Can somebody help me decipher the syntax in these typedef-ing lines?

Question

I'm pretty rusty with my c++. This is at the beginning of the class declarations in the header file for a bag class which uses an array to store data items. It's supposed to function as, you guessed it, a bag. I get the first line, but after that I don't quite understand what's going on. This seems fairly common so I think there's enough information here to get help.

class bag
{
public:
    // TYPEDEFS and MEMBER CONSTANTS
    typedef int value_type;
    typedef std::size_t size_type;
    static const size_type DEFAULT_CAPACITY = 30;  

Answer 1

typedef int value_type;

This line defines that the type bag contains another type called "value_type" that is the same as an int.

typedef std::size_t size_type;

This line defines that the type bag contains another type called "size_type" that is the same as an std::size_t.

static const size_type DEFAULT_CAPACITY = 30; 

This line defines a constant of type "size_type" (look at the line above to check what it is) that is called DEFAULT_CAPACITY with the value of 30.

That's basic C++ and I don't really know how to explain it better than to spell out the syntax.

Answer 2

The trick I've found with typedefs is to first ignore the typedef keyword and look at the other bits; so

int value_type;

would declare a variable called value_type of type int . Add the typedef keyword, and it's exactly the same, but rather than declaring a new variable , you're declaring a new type that's an int .

I find this helpful in more complex cases like

typedef int (*Func)(float, double);

Remove typedef and you're declaring a function called *Func which takes two parameters and returns an int.

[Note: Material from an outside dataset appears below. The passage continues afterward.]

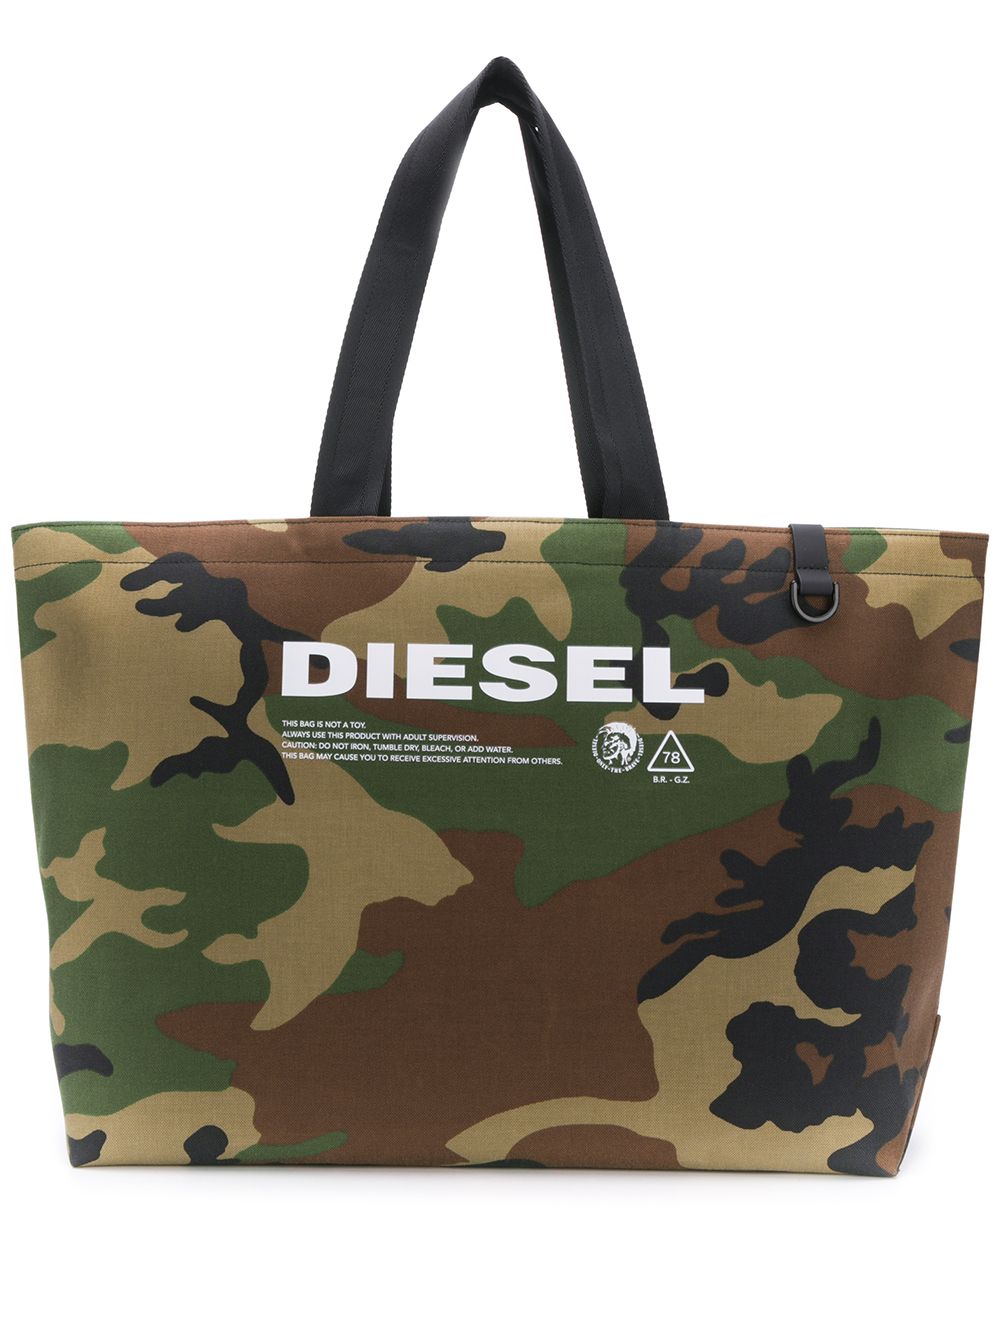 фото Diesel сумка-тоут с камуфляжным принтом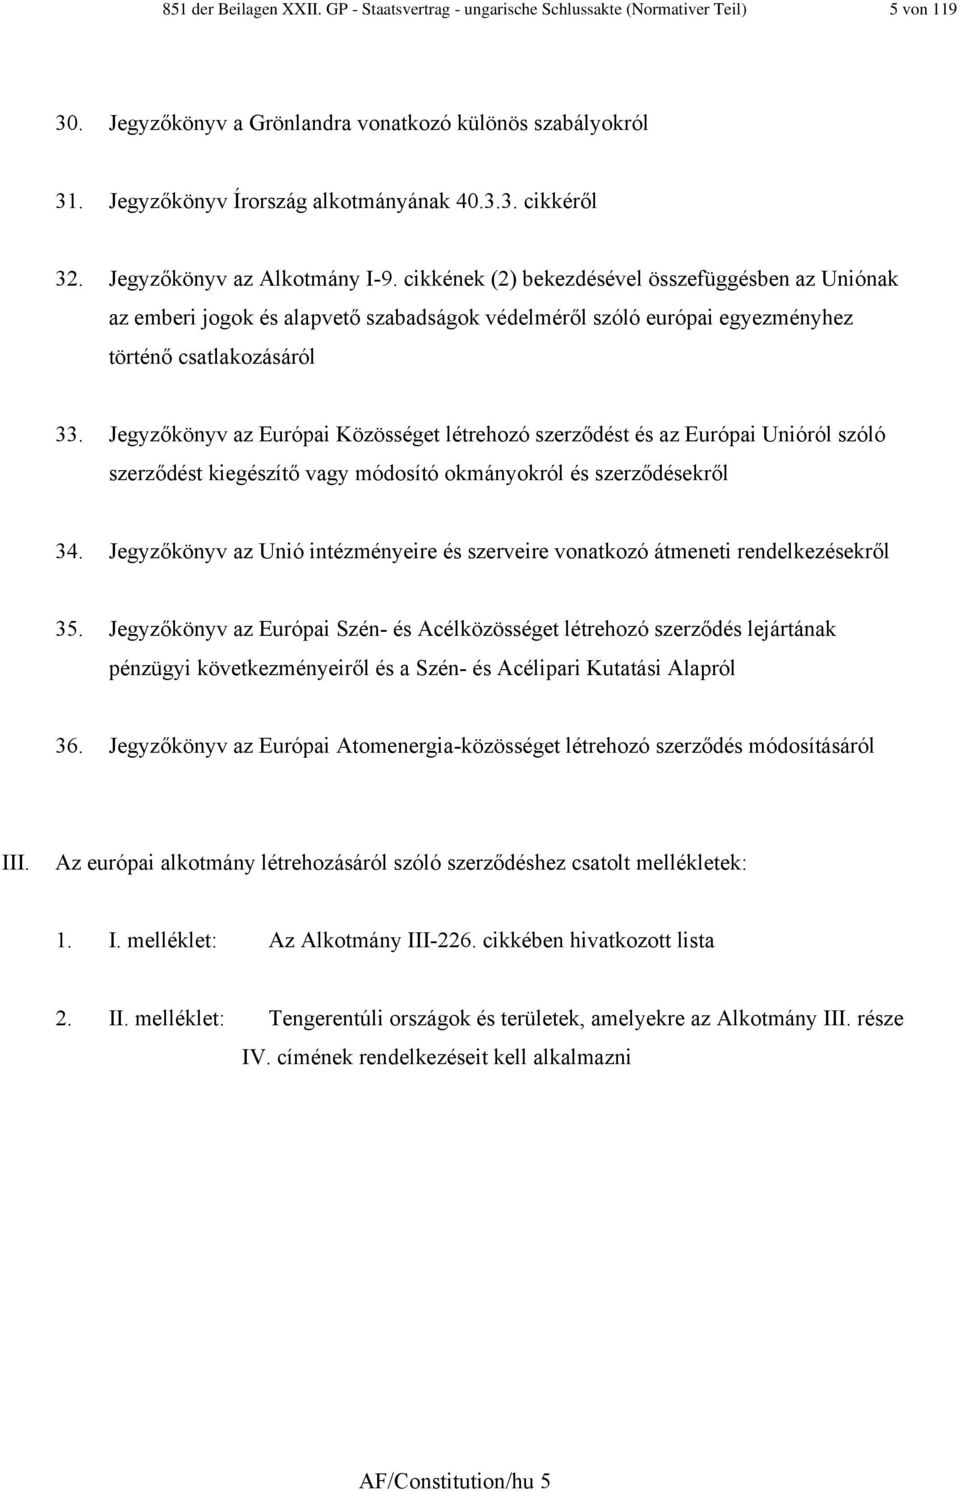 Jegyzőkönyv az Európai Közösséget létrehozó szerződést és az Európai Unióról szóló szerződést kiegészítő vagy módosító okmányokról és szerződésekről 34.

Add the keyword back in, and you're declaring a function type with that signature.

EDIT:

From comments on other answers, it seems like it's not so much the typedef itself but std::size_t that's giving you bother.

std::size_t is itself the name of a standard library type, specifically, the type of the number returned by the built-in sizeof operator. It's always an unsigned integer, but the exact type depends on the compiler and the system you're using (and even particular compiler options).

How do you know that std::size_t is a type name, rather than a variable name? The short answer is that you often can't, you just have to judge by the name and the context (in fact, sometimes even the compiler doesn't even know whether a name refers to a type or whether it refers to a variable, so you have to tell it). In this case, the fact that it ends in _t is a good clue that it's a type (plus the fact it's used in a typedef!).

The std part refers to the std namespace . Namespaces are a C++ facility (also present in other languages, though not C) for avoiding name clashes. You can declare your own, and std is a special on reserved for the standard library.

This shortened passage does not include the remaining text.